Marcada
30 Capítulo 29
Capítulo 29
Isabella
Poderia existir dor pior? Pense em mil facas enfiando em seu corpo. Multiplique a sensação por dez. Você vai ter uma ideia do que é ser transformada em uma criatura imortal. Mas não era a dor no corpo que me deixava aflita e com ânsia de vômito. O que me deixava impaciente com a transformação, era o som das batidas do meu coração ficando cada vez menos audível, fraco...
A sensação era de agonia pura, mas de libertação. No mesmo momento que eu sentia meu corpo queimar por inteiro, eu podia senti-lo ficar mais forte à medida que as chamas iam corroendo as células mais fracas, deixando apenas cinzas. Cinzas que seriam transformadas.
A sensação diminuiu aos poucos, dando espaço para meus ouvidos, já poderosos, captarem o mínimo barulho. Apenas o som do meu coração preenchia o ambiente, cada vez mais fraco. E quando eu o escutei dar a última batida, eu sabia que havia me tornado imortal.
Fiquei parada e de olhos fechados por um longo tempo, temendo acordar e descobrir que era apenas um sonho idiota. A imortalidade era desejada por muitos, mesmo que esses soubessem que tal coisa não existia.
Existia para mim.
Senti meu corpo forte o suficiente para me arriscar a abrir os olhos. O cômodo era claro demais, as cores eram mais vivas e os móveis muito mais detalhados.

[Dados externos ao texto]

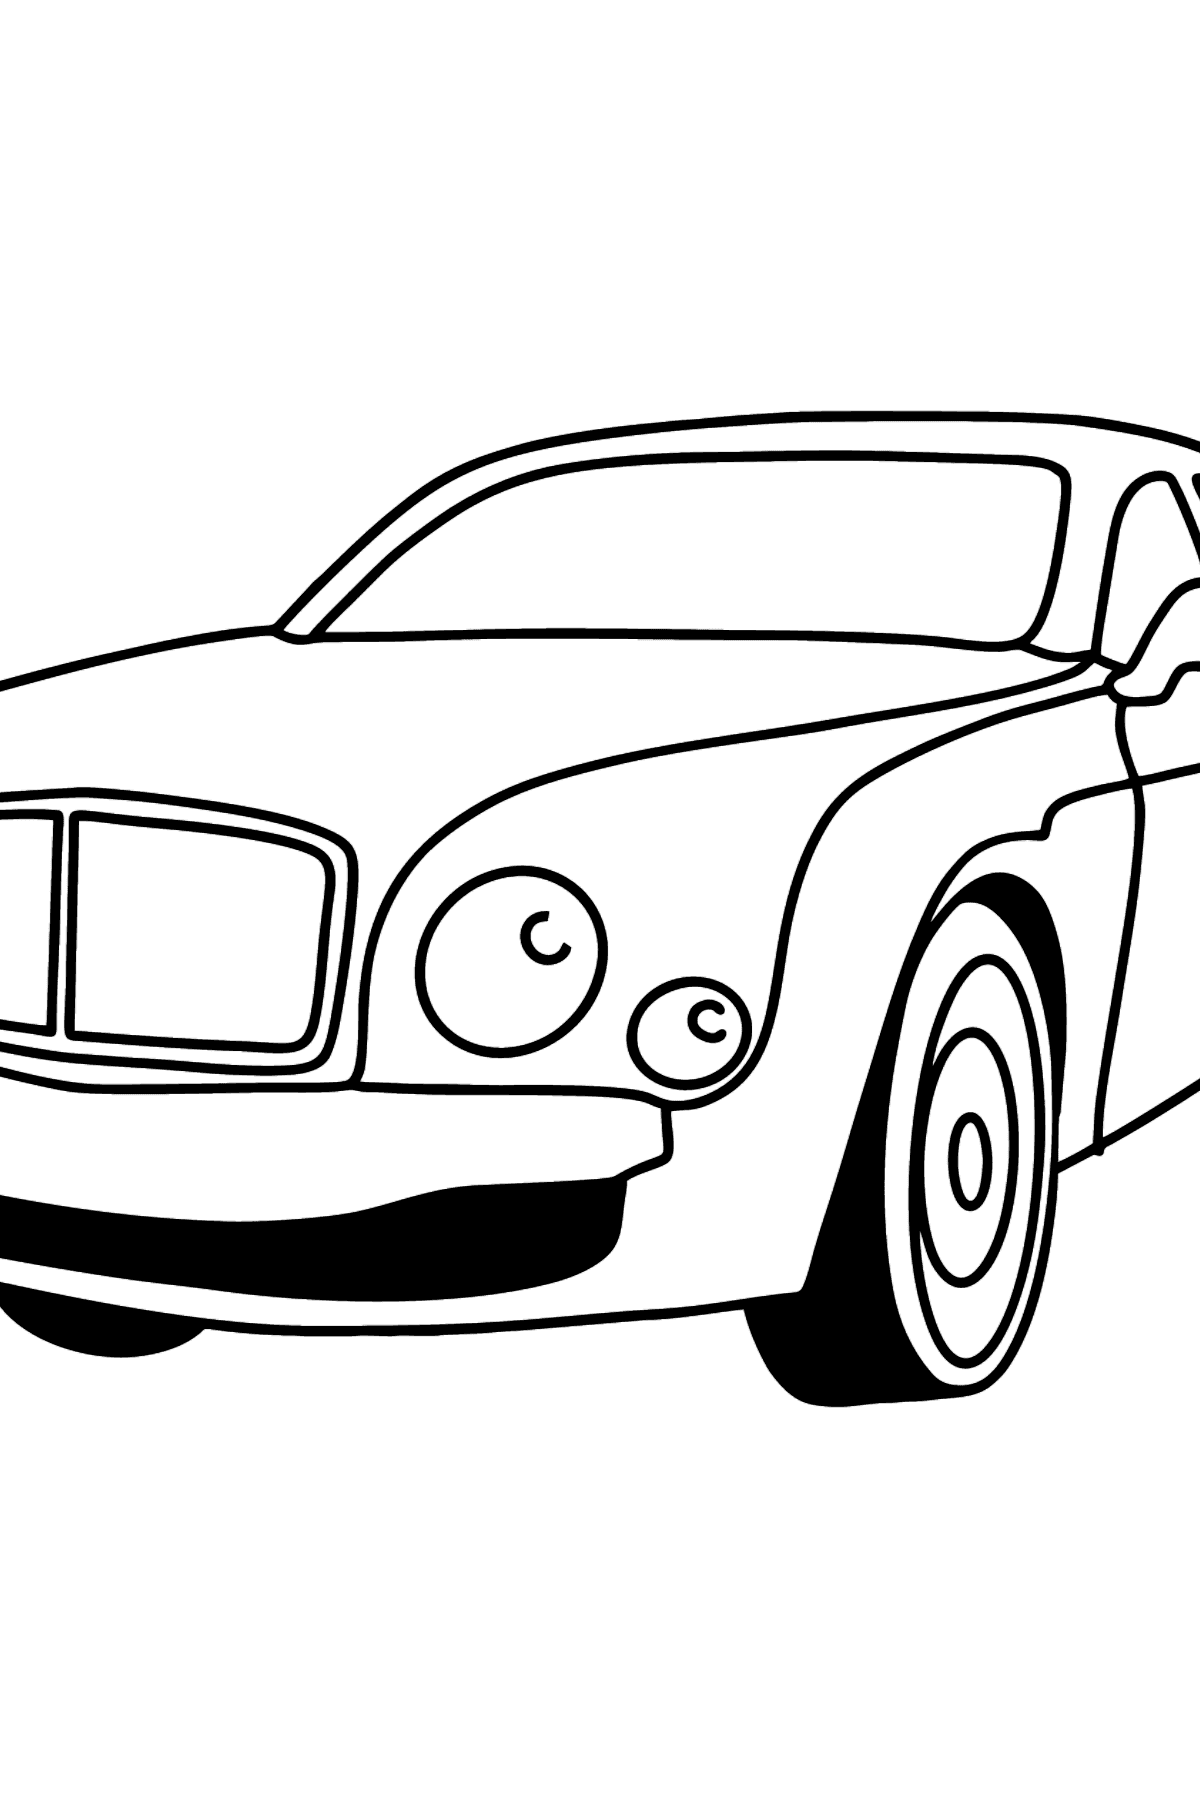 Desenhos para colorir do carro Bentley - Imagens para Colorir para Crianças

Eu reconheci meu quarto, mas fiquei imóvel, apenas absorvendo a quantidade de informações que meus olhos podiam captar.
Tentei me lembrar de alguns fatos importantes da minha vida humana, mas tudo parecia um borrão, como se eu tivesse sonhado uma vida inteira e acordado depois de anos. Eu sabia que depois de um tempo, as lembranças voltariam à tona, Carlisle me falou sobre isso certo dia.
Lembrar do médico fez com que meu corpo sentisse o primeiro sinal de reconhecimento, e alguns rostos familiares começaram a inundar minha mente rápida, deixando-me um pouco tonta pela quantidade de informação. Eu conseguia ouvir com nitidez o ponteiro do relógio, os carros passando com lentidão pela rua, o vento batendo com força na janela, os pequenos ruídos dos meus vizinhos... Isso estava ficando até mesmo irritante.
Mas eu senti uma coisa que me fez sobressaltar. Eu senti uma presença ao meu lado. Virei minha cabeça em um movimento rápido demais para um ser humano, o que me deixou bastante surpresa e fascinada, e eu o vi. O vampiro estava sentado ao meu lado, na cama.
Pulei da cama em um salto, ficando em um canto do quarto. Meu corpo se arqueou instintivamente, mas o vampiro apenas se levantou calmamente e deu dois passos a frente, ficando perto de mim.
Ele sorriu para mim, mostrando um rosto perfeito. Ele parecia tranquilo, como se eu não fosse nem um pouco uma ameaça a ele, como se um recém criado fosse algo normal. Isso me deixou apenas com raiva, por assim dizer.
Eu senti uma calma interior no mesmo momento, como se meu corpo estivesse relaxando sem meu consentimento, me obrigando a abaixar meu escudo.
– Isabella... fique calma.
Ouvir o tom de voz dele fez meu corpo relaxar completamente. Era Jasper, apenas Jasper. O vampiro que eu amava estava na minha frente, esperando uma reação da minha parte.
Ele era alto, um pouco mais alto do que eu me lembrava. Estava com os dois braços ao lado do corpo em uma posição contida, as mãos estavam fechadas em punhos. Ele parecia um vampiro forte, mesmo para mim, uma recém criada. Não seria o tipo de vampiro que eu confrontaria se tivesse escolha.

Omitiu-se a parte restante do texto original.